Information provided: Begin
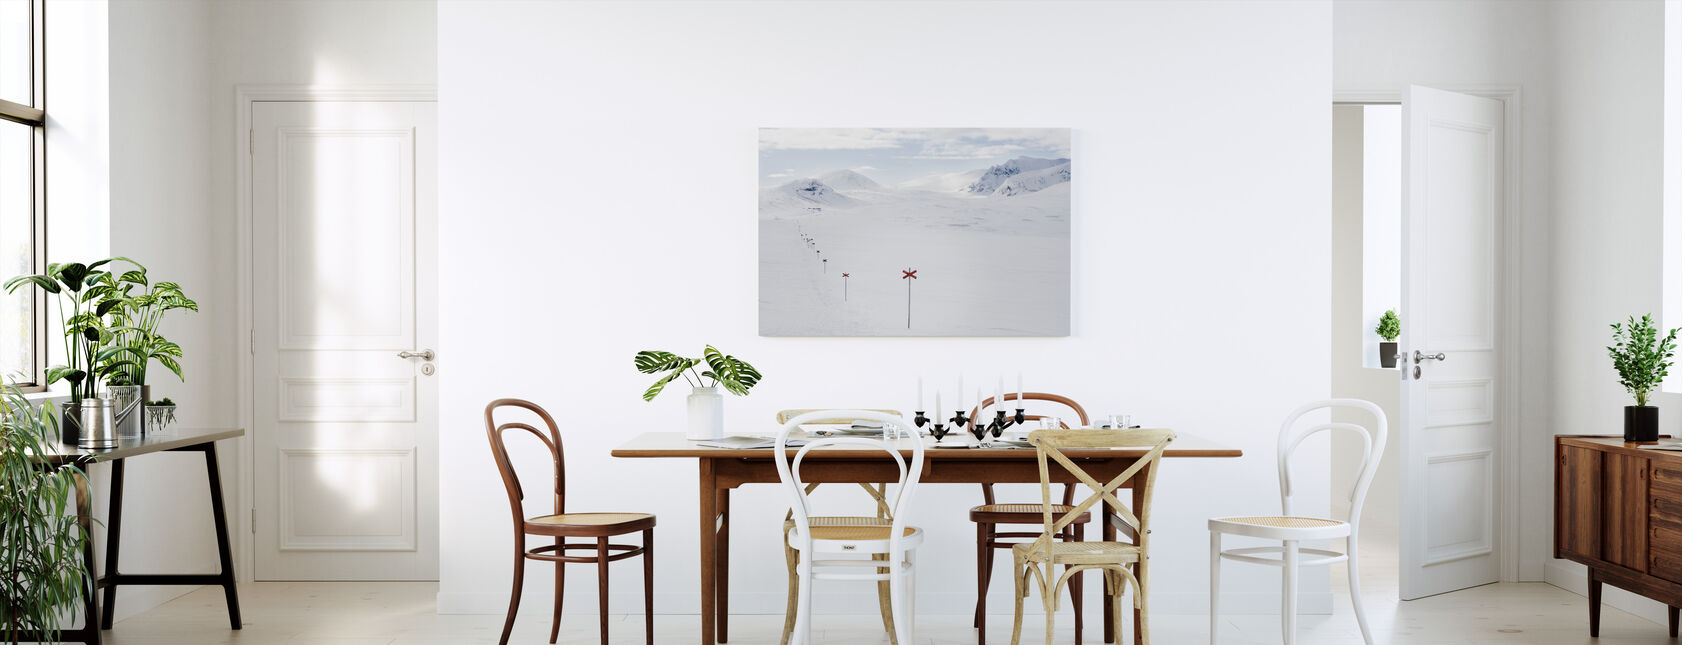 Vandringsled i Sylarna, Sverige - Canvastavla - Kök
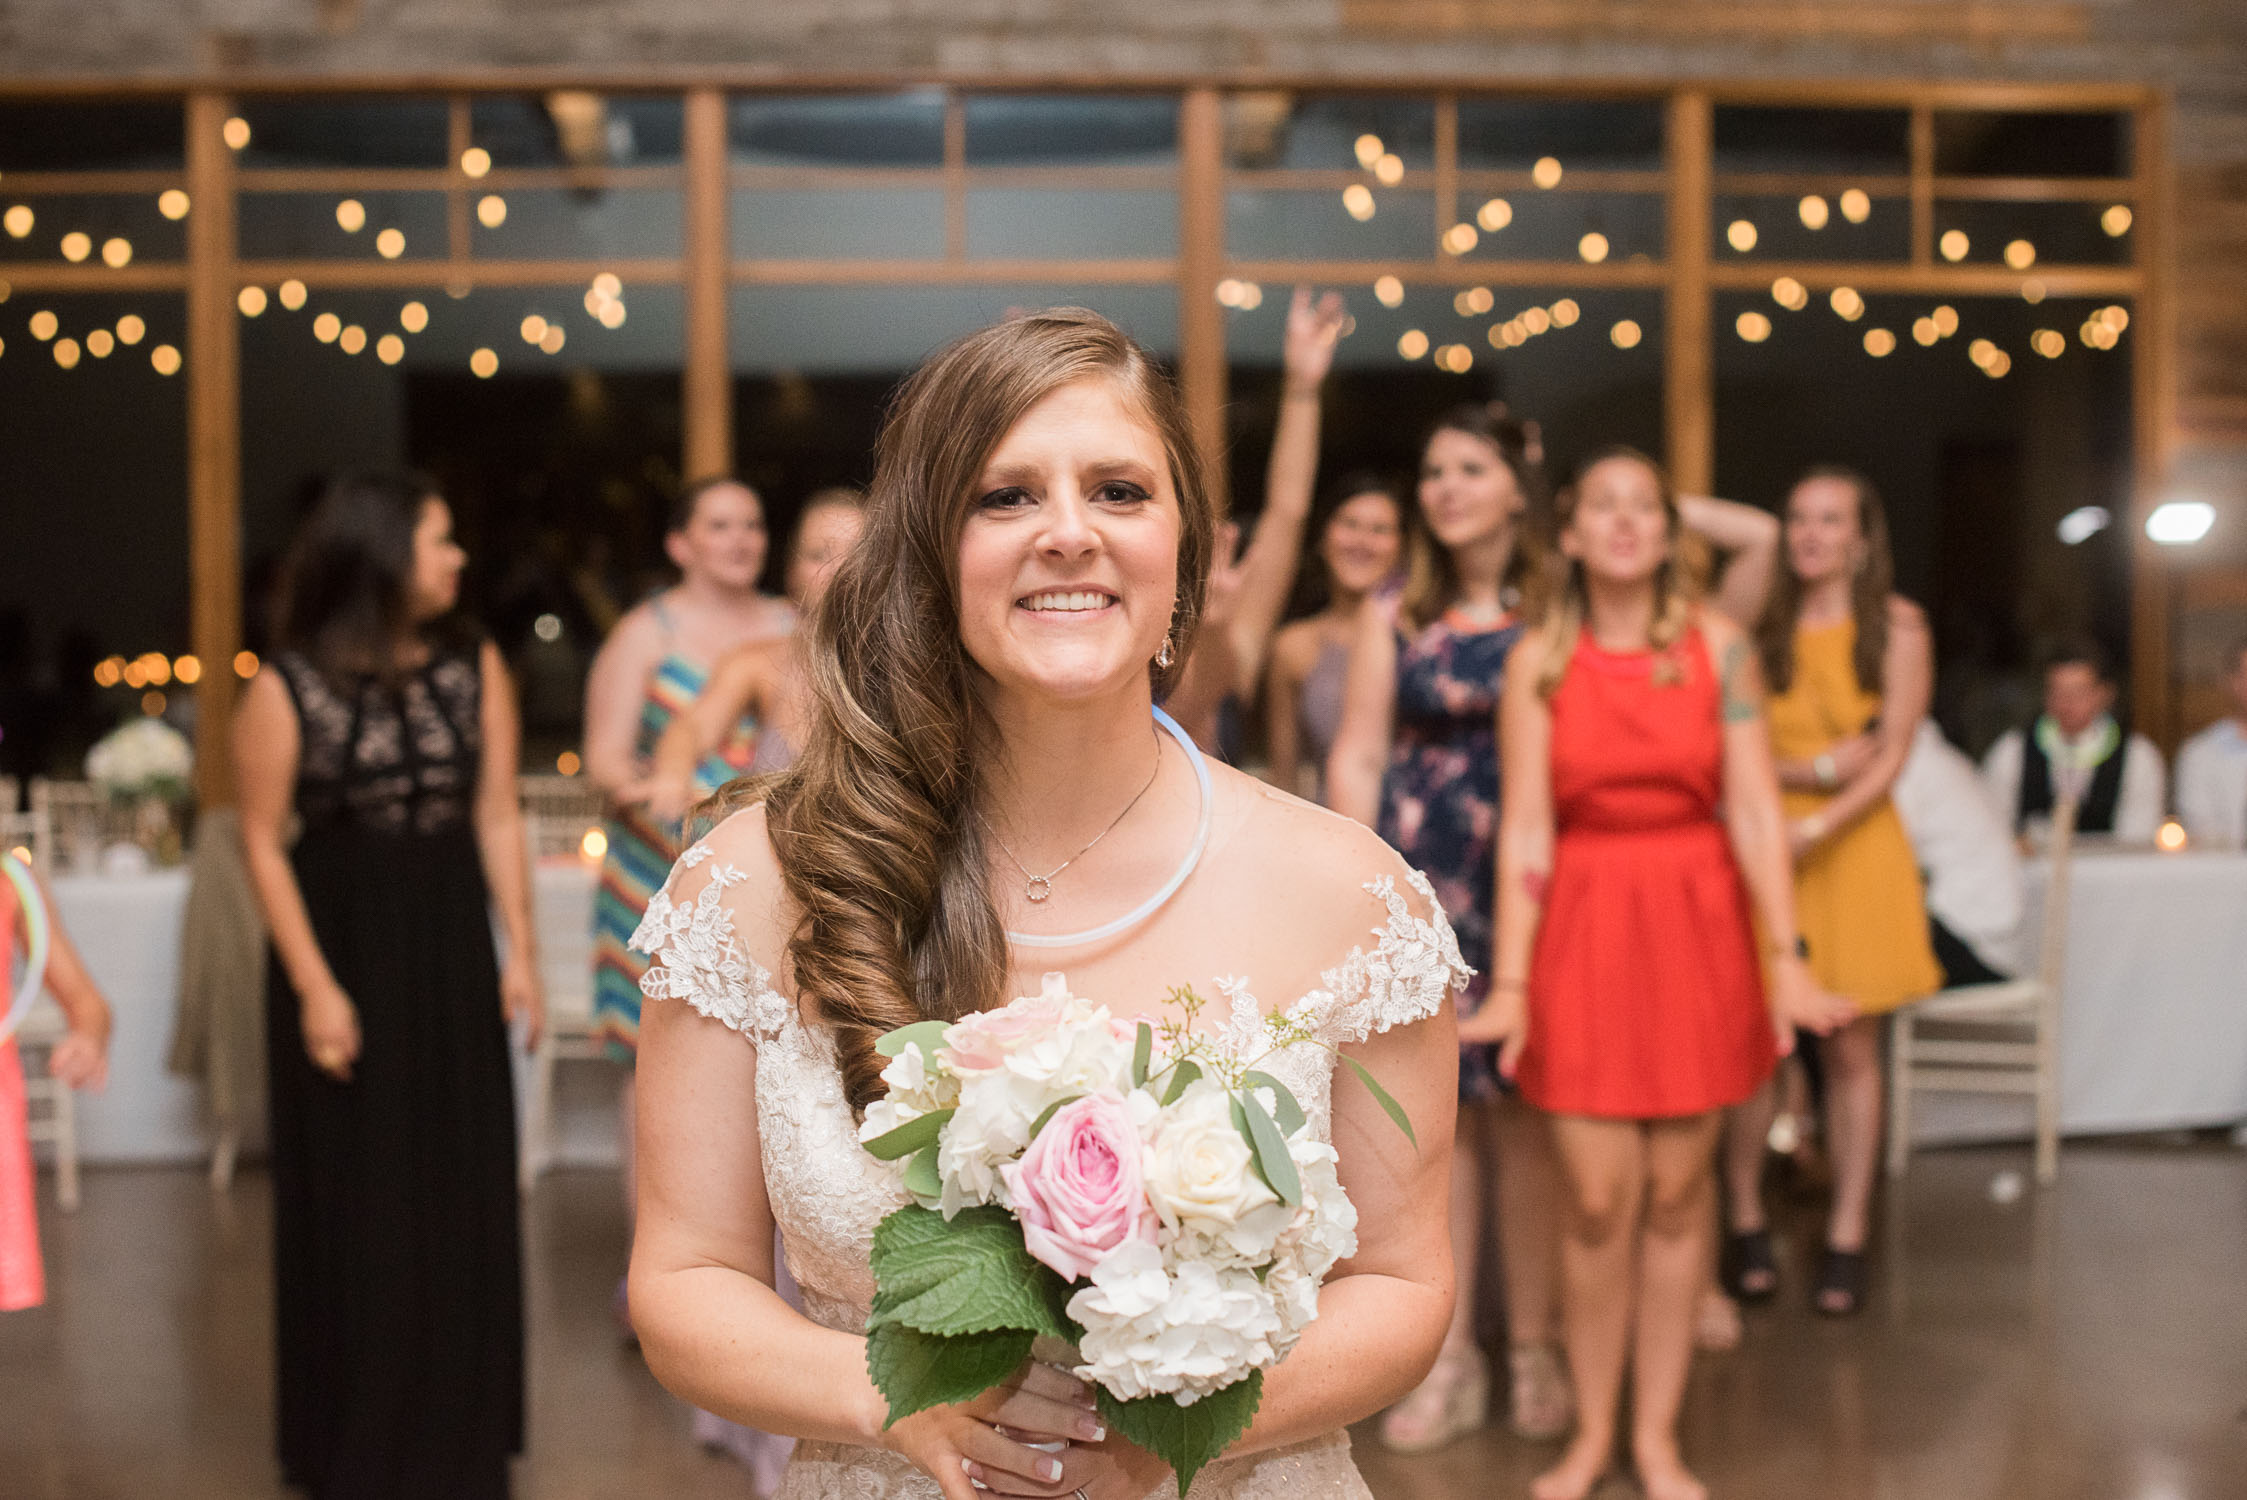 Hinton Wedding at Canyonwood Ridge Dripping Springs Texas Wedding Photography-188.jpg
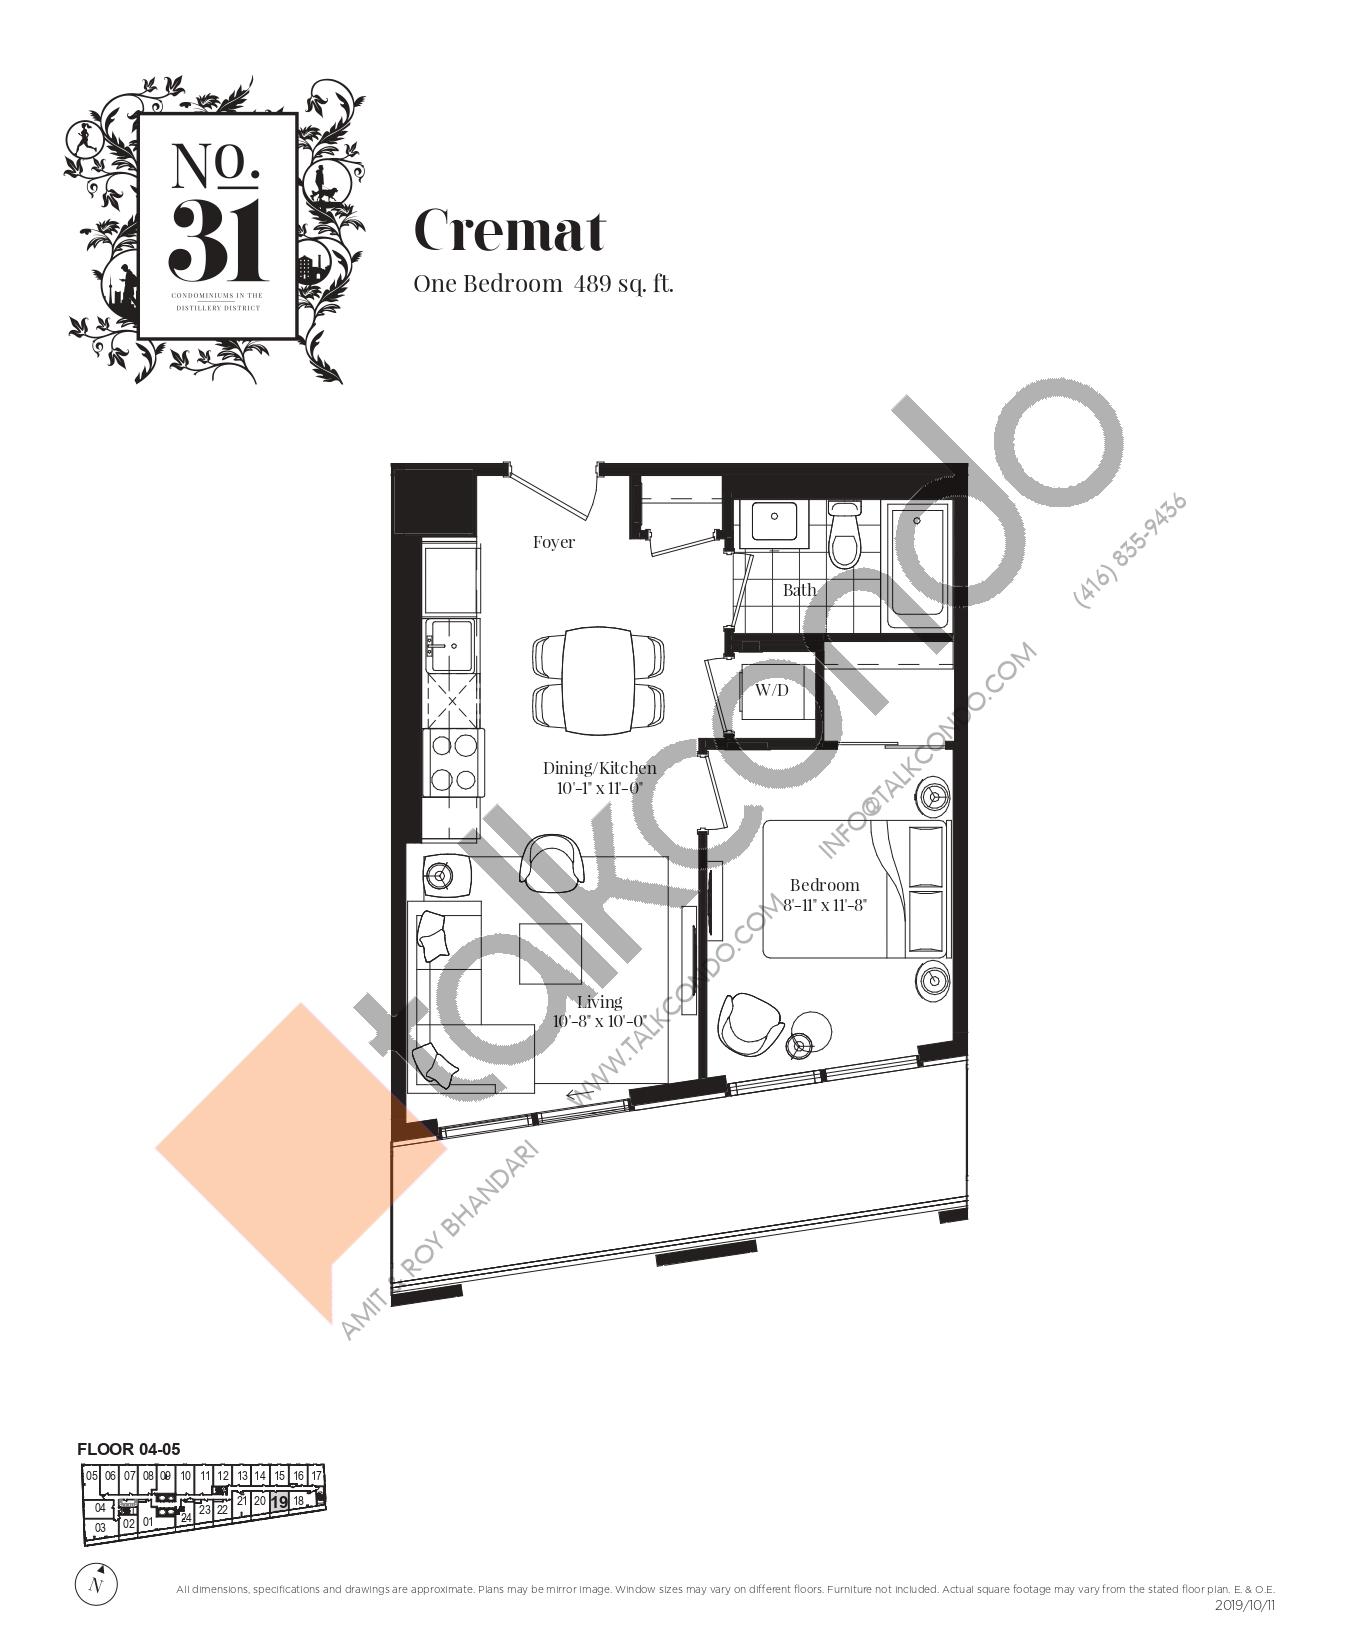 Cremat Floor Plan at No. 31 Condos - 489 sq.ft
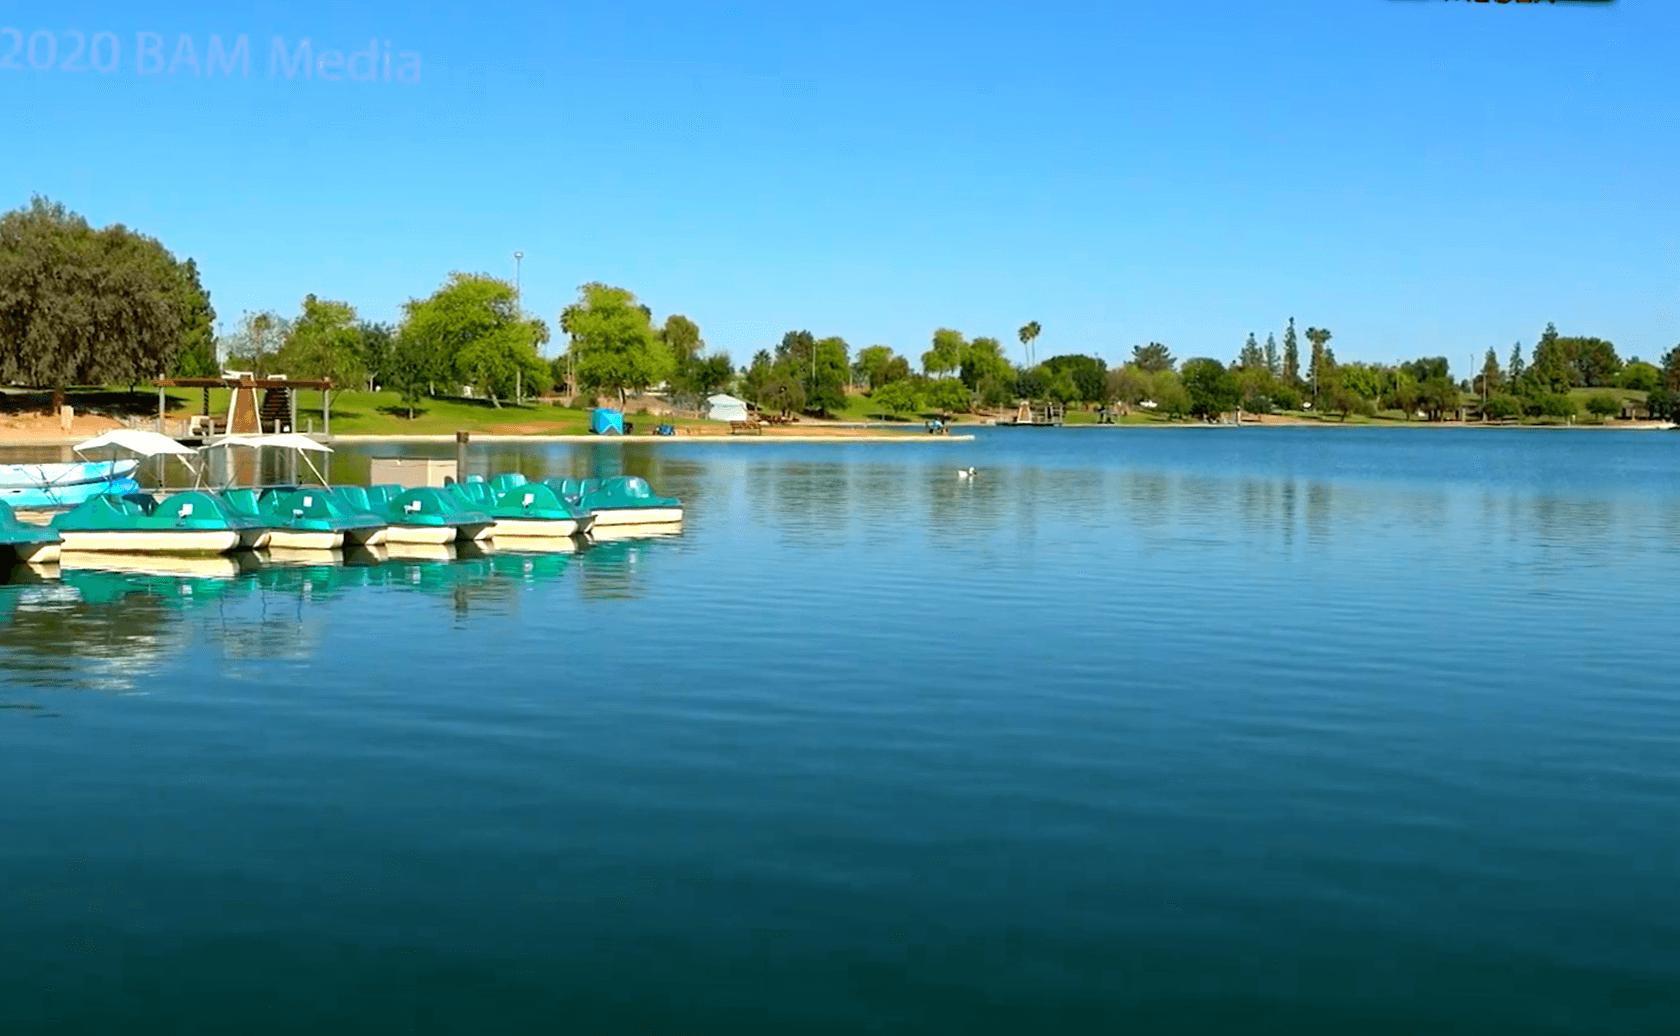 Kiwanis-Lake-Fishing-Guide-Tempe-AZ-06
Information provided: End
Every line above is to be repeated exactly, but no picture is to appear in the copy.

Output of the task:
 Vandringsled i Sylarna, Sverige - Canvastavla - Kök
 Hinton Wedding at Canyonwood Ridge Dripping Springs Texas Wedding Photography-188.jpg
 Cremat Floor Plan at No. 31 Condos - 489 sq.ft
 Kiwanis-Lake-Fishing-Guide-Tempe-AZ-06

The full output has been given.